We have all worked in places and/or with colleagues who talk about everything. They spread their own business and sometimes the business of others around.  This is their choice and if they want people to know what is happening, then it is on them.  The problem that arises is the very same one that happens in schoolyards everywhere: the story never stays the same and becomes something very different and sometimes much worse than what it actually was.

Managers do not have the luxury of stepping in and correcting inaccurate details when they overhear them.  We can not make announcements “setting the record straight.”  We can not and should not participate in conversations about discussion we’ve had with our staff.  Consequently, a lot of misinformation gets passed along as fact.  We may seem like we are ignoring problems.  We may be described as “disinterested.”  But that is far from the truth.  Actually we are treating you professionally and maintaining your privacy.

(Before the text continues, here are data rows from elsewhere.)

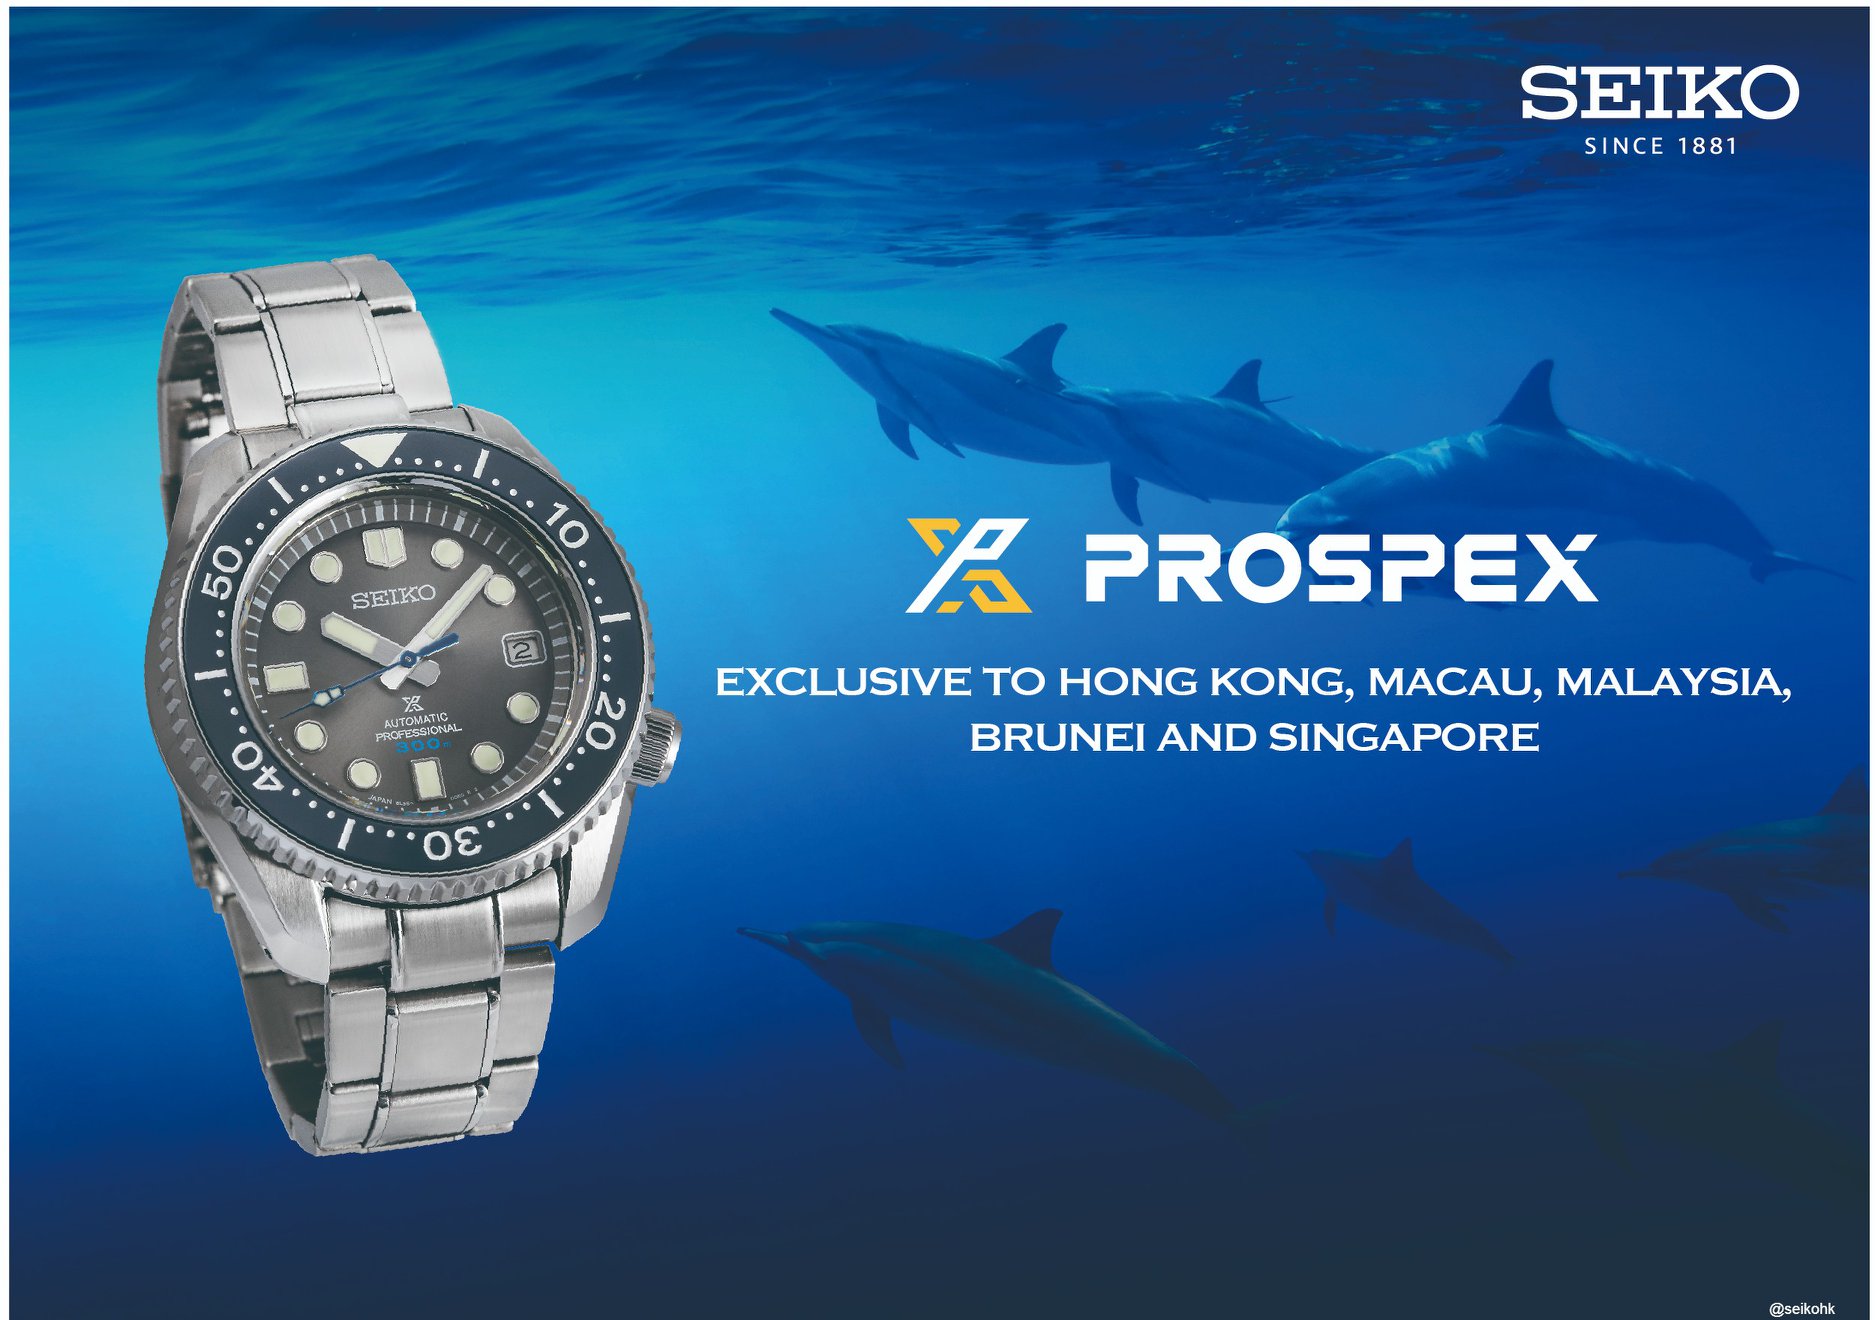 【SEIKO PROSPEX SLA045J1「藍海豚」潛水錶】 SEIKO PROSPEX SLA045J1潛水錶，腕錶錶徑44.3mm，錶盤上有夜光功能的大刻度與粗闊指針，日期窗口於3點鐘位置，錶冠於4點鐘位置，避免出現硌手的情況。不銹鋼錶殼，配上8L35自動上鍊機芯，單向陶瓷錶圈，錶底刻有海浪圖案及限量編號。 腕錶搭配不銹鋼錶帶，其延長裝置只需按掣便可增長錶扣，方便穿着潛水衣時使用，隨盒更附送寶藍色矽膠錶帶，可因應需要更換。... 選購PROSPEX SLA045J1 -「藍海豚」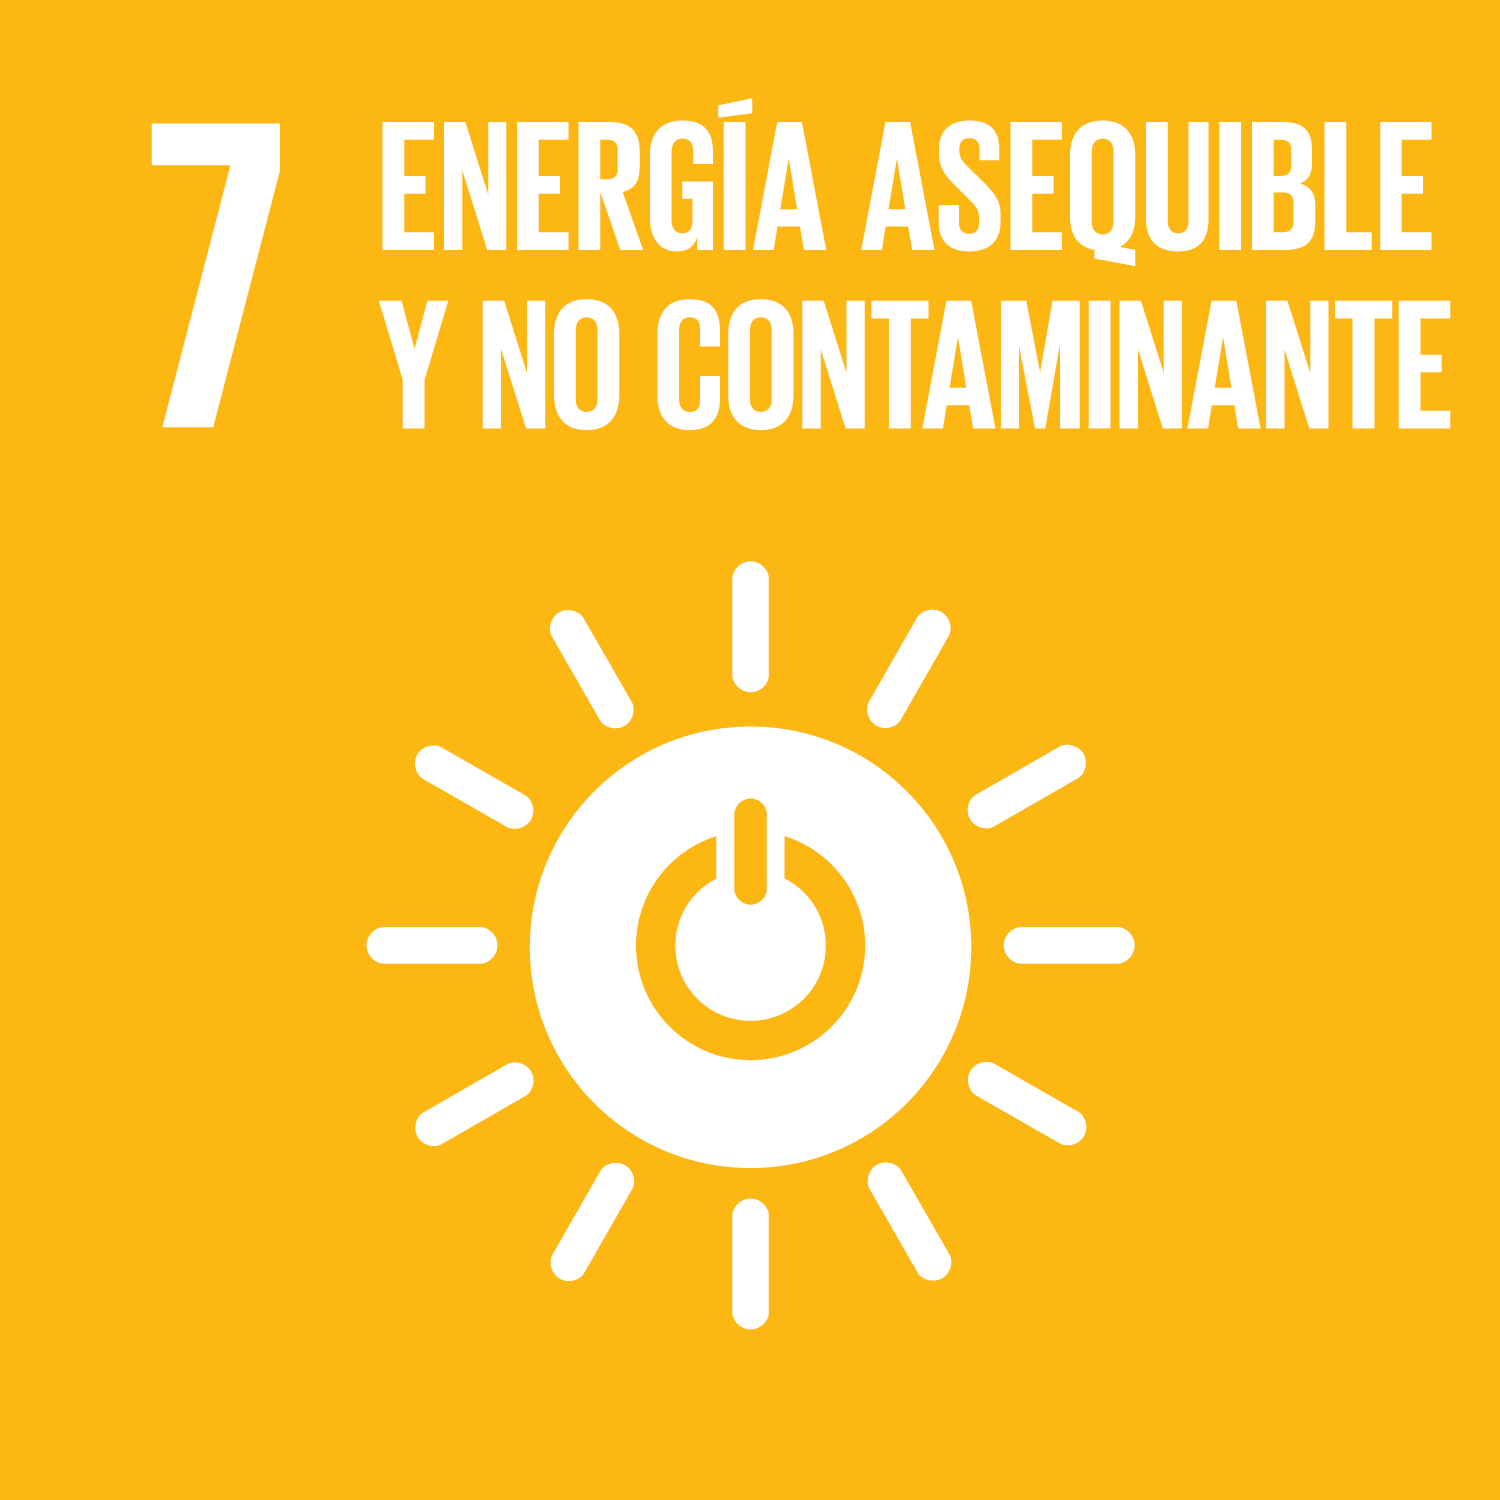 Los Objetivos de Desarrollo Sostenible - Garantizar el acceso a energía asequible, segura, sostenible y moderna para todos.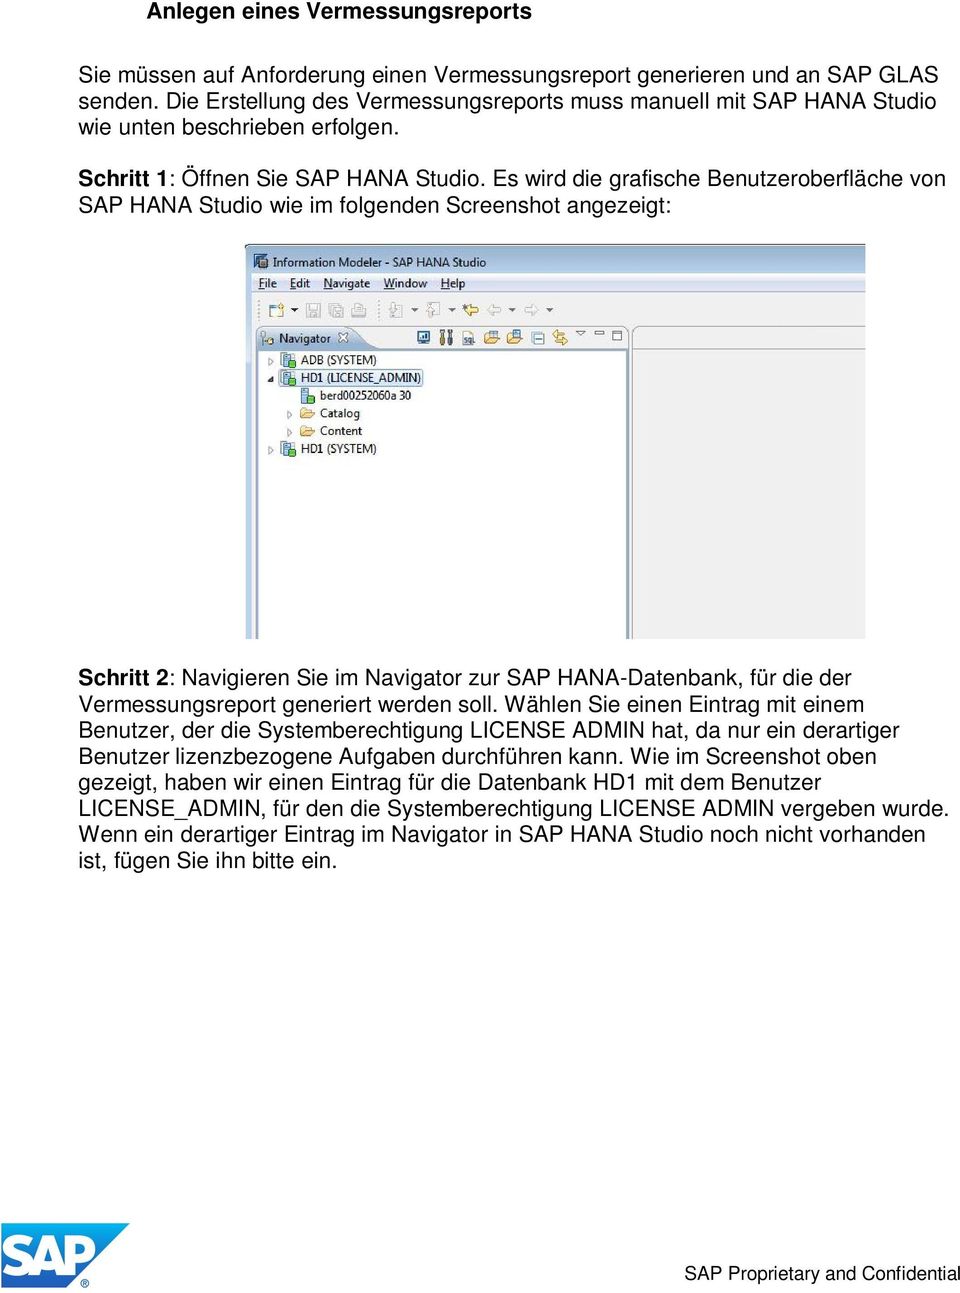 Es wird die grafische Benutzeroberfläche von SAP HANA Studio wie im folgenden Screenshot angezeigt: Schritt 2: Navigieren Sie im Navigator zur SAP HANA-Datenbank, für die der Vermessungsreport

If you’re like me, someone who has a difficult time allowing misrepresentations of what I’ve said persist in my non-work life, knowing that this may be happening and recognizing that you can’t do anything about it is one of the most difficult pills to swallow.  But you do because it is the right thing to do and because you recognize how destructive this can be and you don’t want to add to the problem.

Good managers maintain professionalism even when it’s the last thing they want to do.  Ideally this would work both ways, but in reality it doesn’t.  Good managers keep working to get to that ideal place.